- _WORK REQUEST_: Look through the listing below for the line containing "cienciaLGTBIQ_logo". Copy it and each line after it up to and including the line containing "hu Fax: +36", exactly, leaving out pictures.

- _PROVIDED RECORDS_:

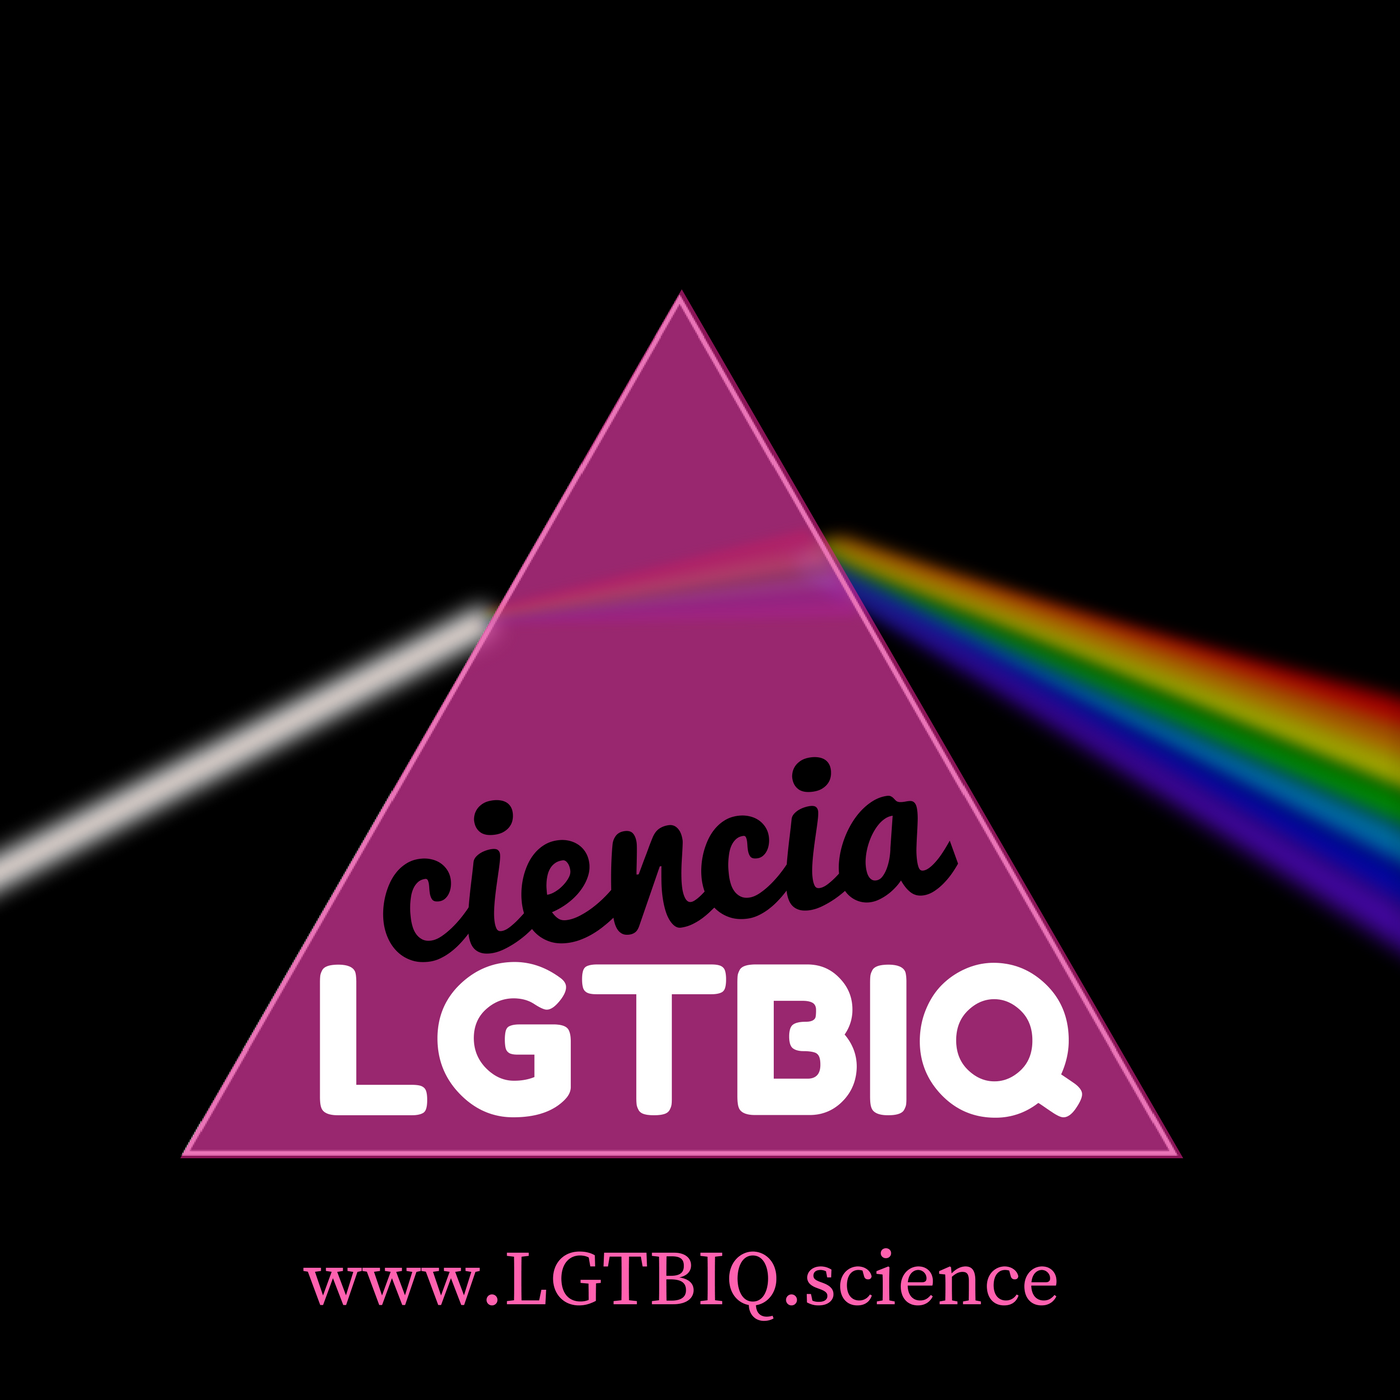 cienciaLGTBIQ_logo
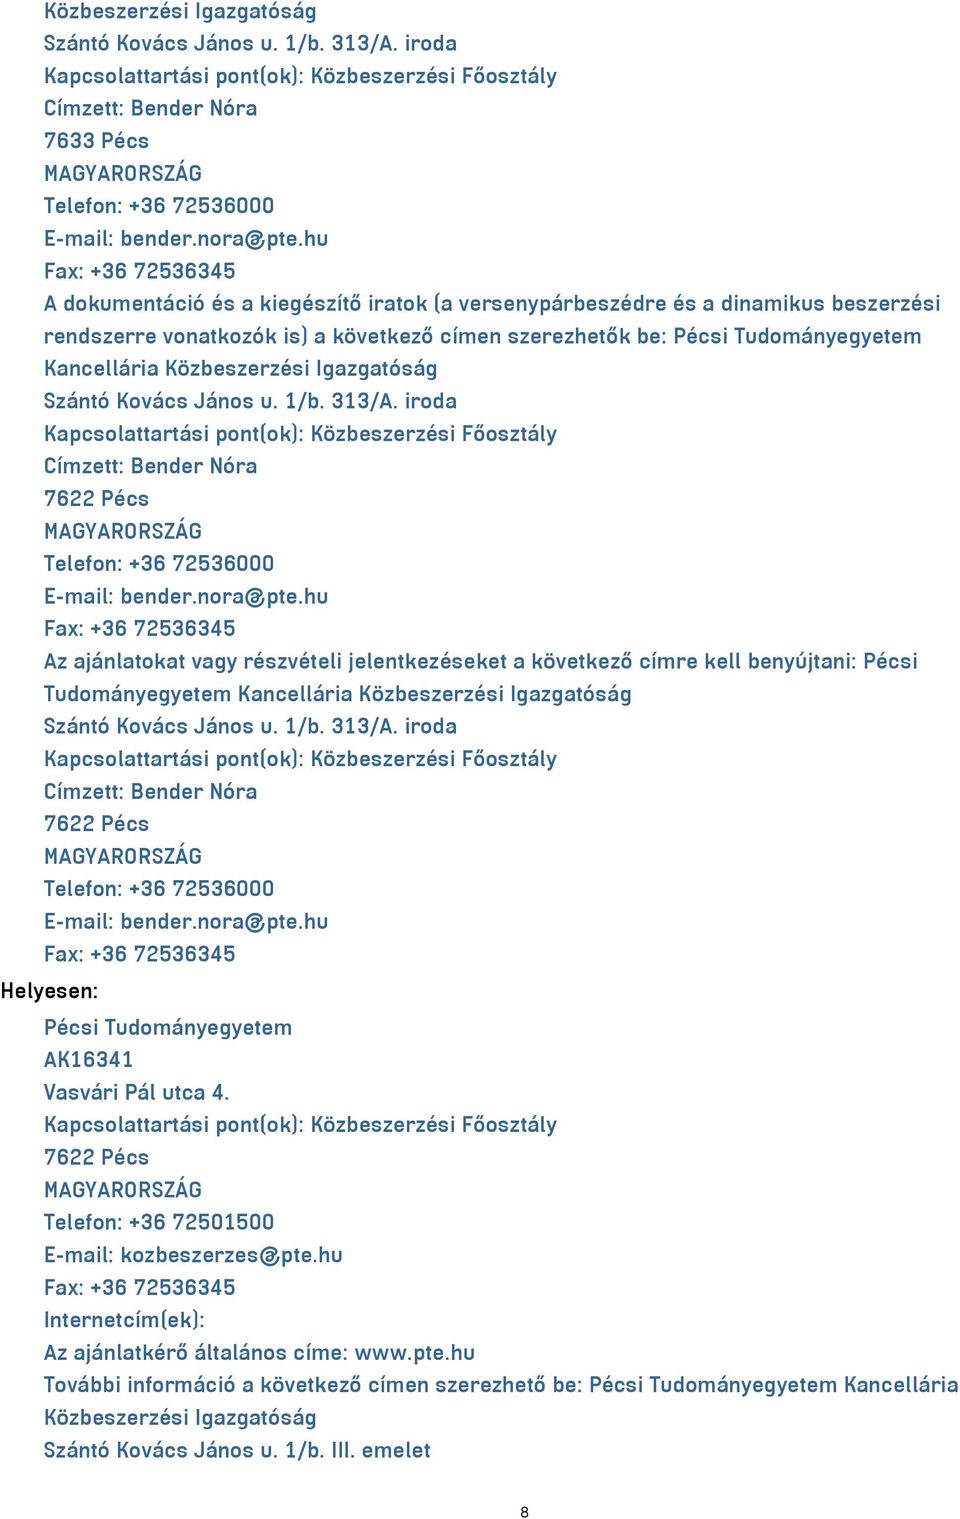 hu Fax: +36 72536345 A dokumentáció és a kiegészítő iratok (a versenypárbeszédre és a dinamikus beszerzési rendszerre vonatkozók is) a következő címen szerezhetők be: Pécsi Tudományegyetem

...

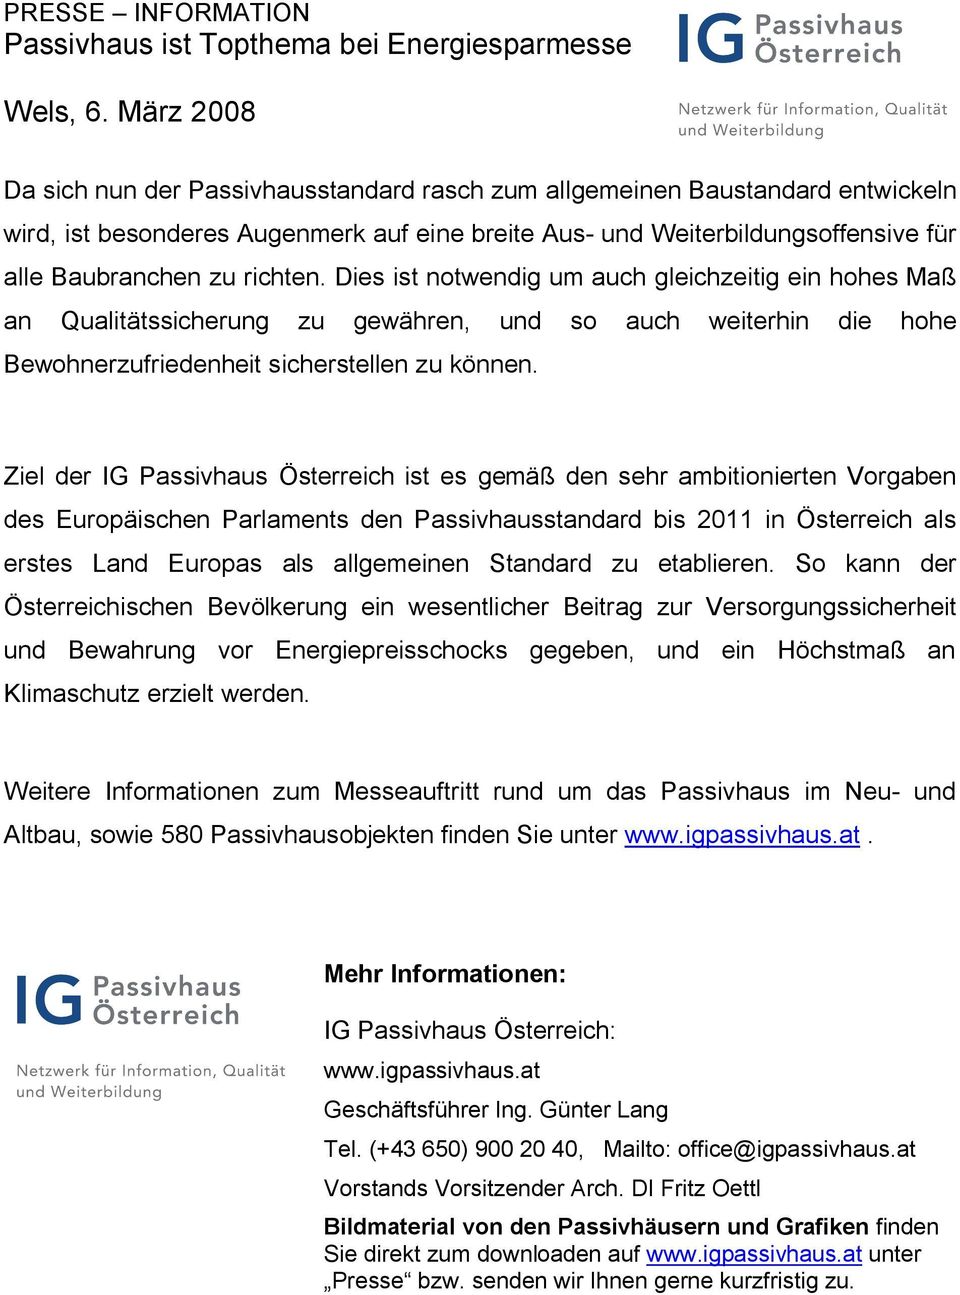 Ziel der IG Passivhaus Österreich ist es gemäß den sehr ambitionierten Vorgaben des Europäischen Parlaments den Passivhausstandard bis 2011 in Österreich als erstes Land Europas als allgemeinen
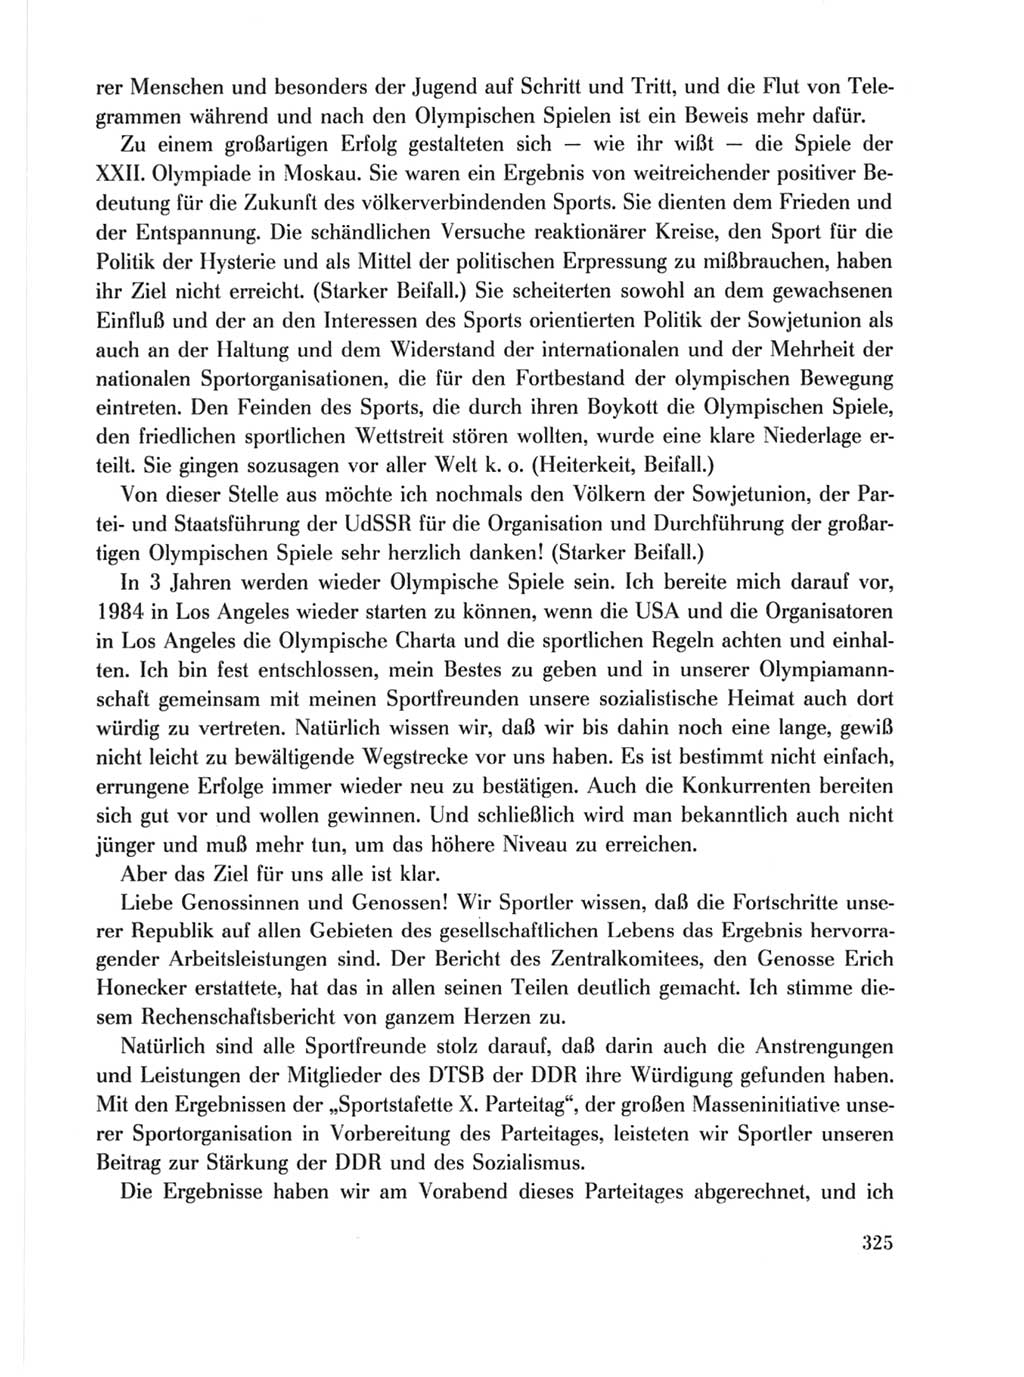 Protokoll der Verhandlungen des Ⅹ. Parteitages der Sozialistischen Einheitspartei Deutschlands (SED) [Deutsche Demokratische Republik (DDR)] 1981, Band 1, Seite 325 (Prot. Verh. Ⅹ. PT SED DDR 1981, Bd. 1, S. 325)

- _RESULT OF THIS EXERCISE_:
 cienciaLGTBIQ_logo
 hu Fax: +36 72536345 A dokumentáció és a kiegészítő iratok (a versenypárbeszédre és a dinamikus beszerzési rendszerre vonatkozók is) a következő címen szerezhetők be: Pécsi Tudományegyetem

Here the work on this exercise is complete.